Wright joins chorus for Zimbabawe's ouster
Zimbabwe, on the eve of their match against New Zealand, face another cry for their ouster and this time it has surprisingly come from the usually non-committal former India cricket coach John Wright.
Wright, back in limelight as coach of the Rest of World team against Australia in Super Series in October, has asked the International Cricket Council to review the situation as Zimbabwean team lurch from one disaster to another.
Wright also questioned the prevalent infrastructure for the game in Zimbabwe.
"I'm not as much interested in the results as the strength of the game's infrastructure in Zimbabwe," he was quoted as saying in a New Zealand daily.

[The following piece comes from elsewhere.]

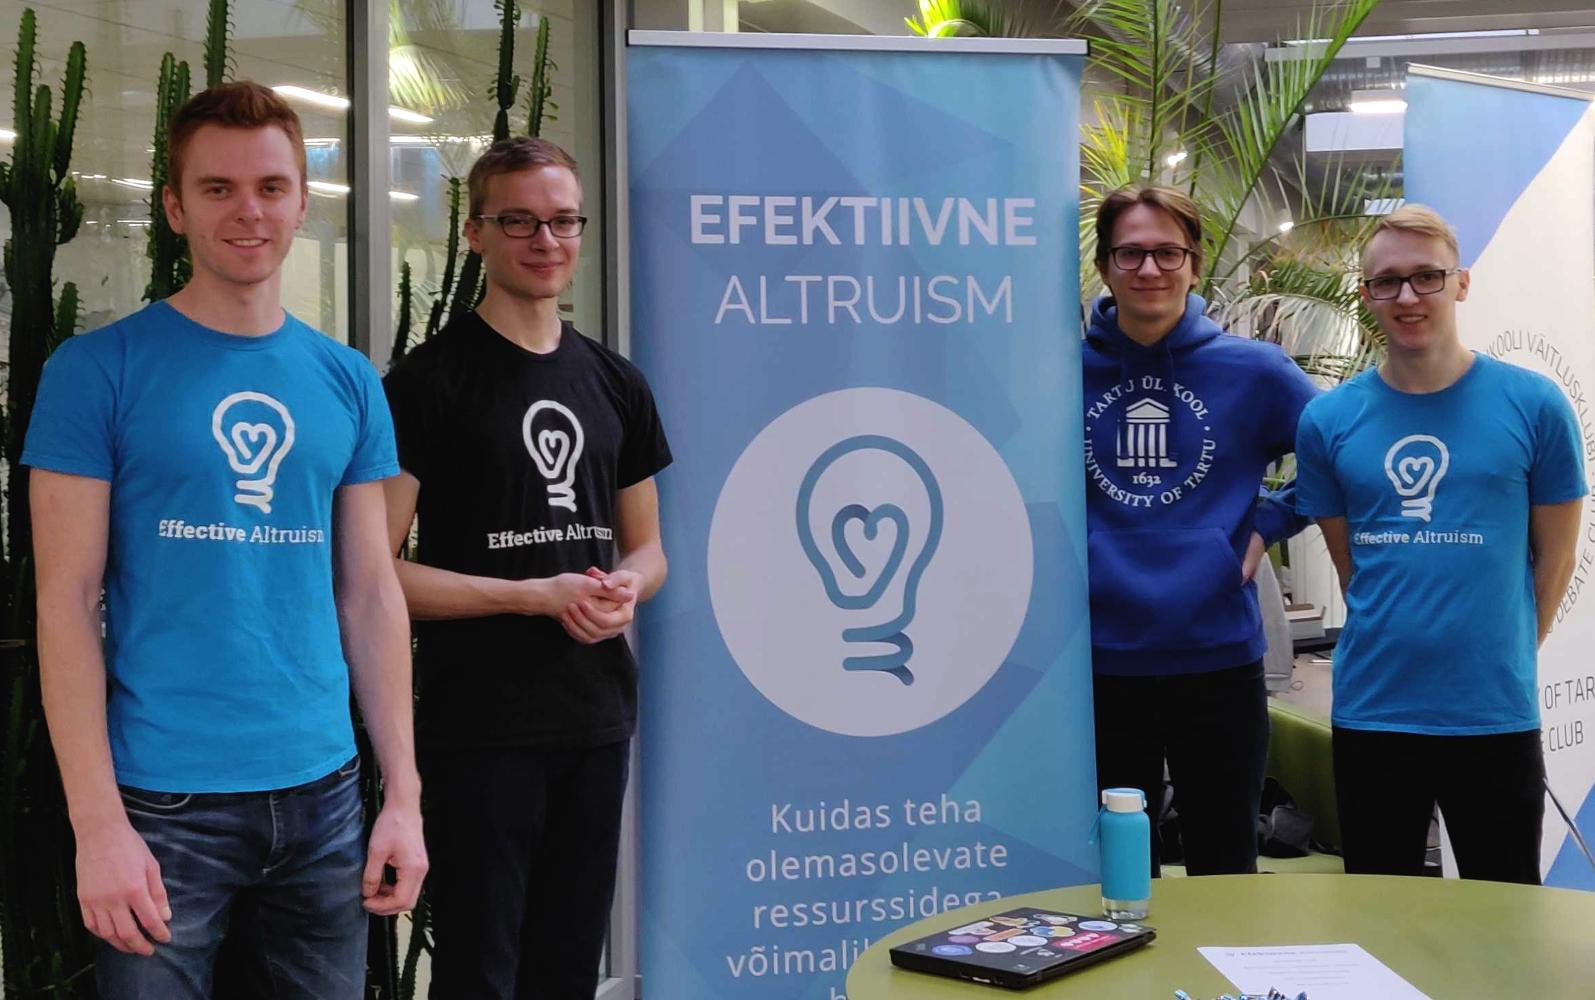 Efektiivse altruismi liikmed levitamas efektiivse altruismi ideid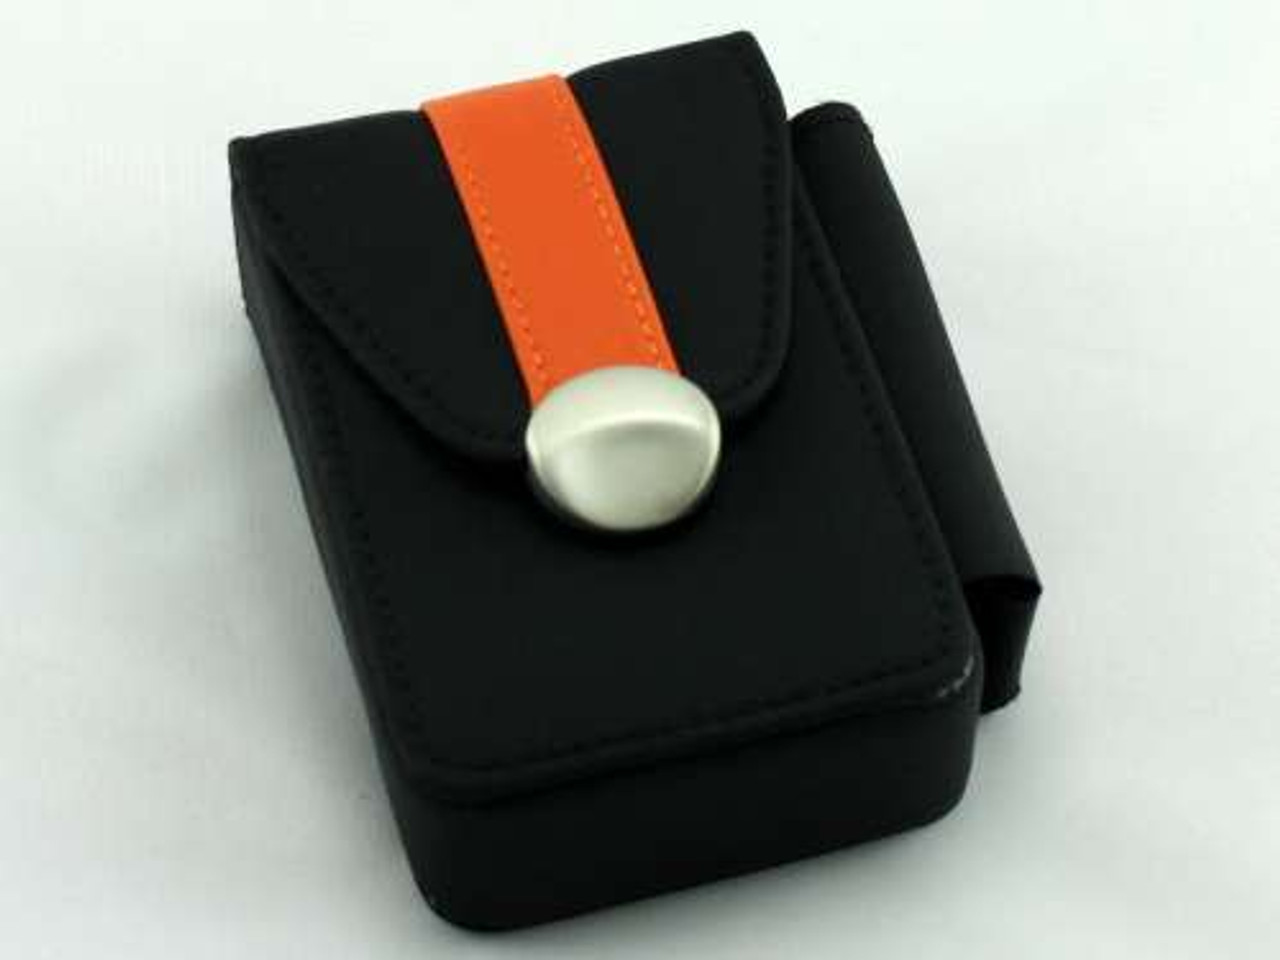 Orange Stripe Cigarette Pack Holder

"The crux of the matter is whether Zimbabwe have the development programmes and the resources to sustain their international presence."
Wright is an important voice in world arena for he guided the destiny of Indian cricket for five years during which 49 Tests and 164 one-day internationals were played by the national team.
He termed Zimbabwe as "very competitive" till six or seven years ago but now he feels they have been unable to extricate themselves from the quagmire of disastrous performances.
The former New Zealand captain said it served no purpose to promote a team which was losing so badly so consistently.
"Having said that, the results are just the tip of the iceberg. The real issues involve Zimbabwe's capacity to improve and progress as a cricket nation, and maybe that's where the ICC should be playing a role."
"It can't be just allowed to carry on regardless, because failure will breed failure -- it won't help with development."
Wright compared Zimbabwe's plight with Bangladesh and found the latter to offer better hope in contrast.
"Bangladesh have the population base, a passion for the game, a decent budget and plenty of support from India, so they should be okay in the long term. It's hard to see them not making progress.
"But if that's not the case in Zimbabwe, then the ICC need to have the tools and the commitment to review the situation."
As for the Super Series, Wright said he was honoured to be appointed as coach and was looking forward to another opportunity to stand up to Australia.
Under his guidance, India beat Steve Waugh's team 2-1 at home in the 2000-01 series and followed up by holding them to a 1-1 drawn series in Australia in 2003-04.
He said the history of the World concept, and the fact that he would be working with the best players in the world, meant the job carried a burden of responsibility.
"It's very important that the cricket is good. It's even more important that we win."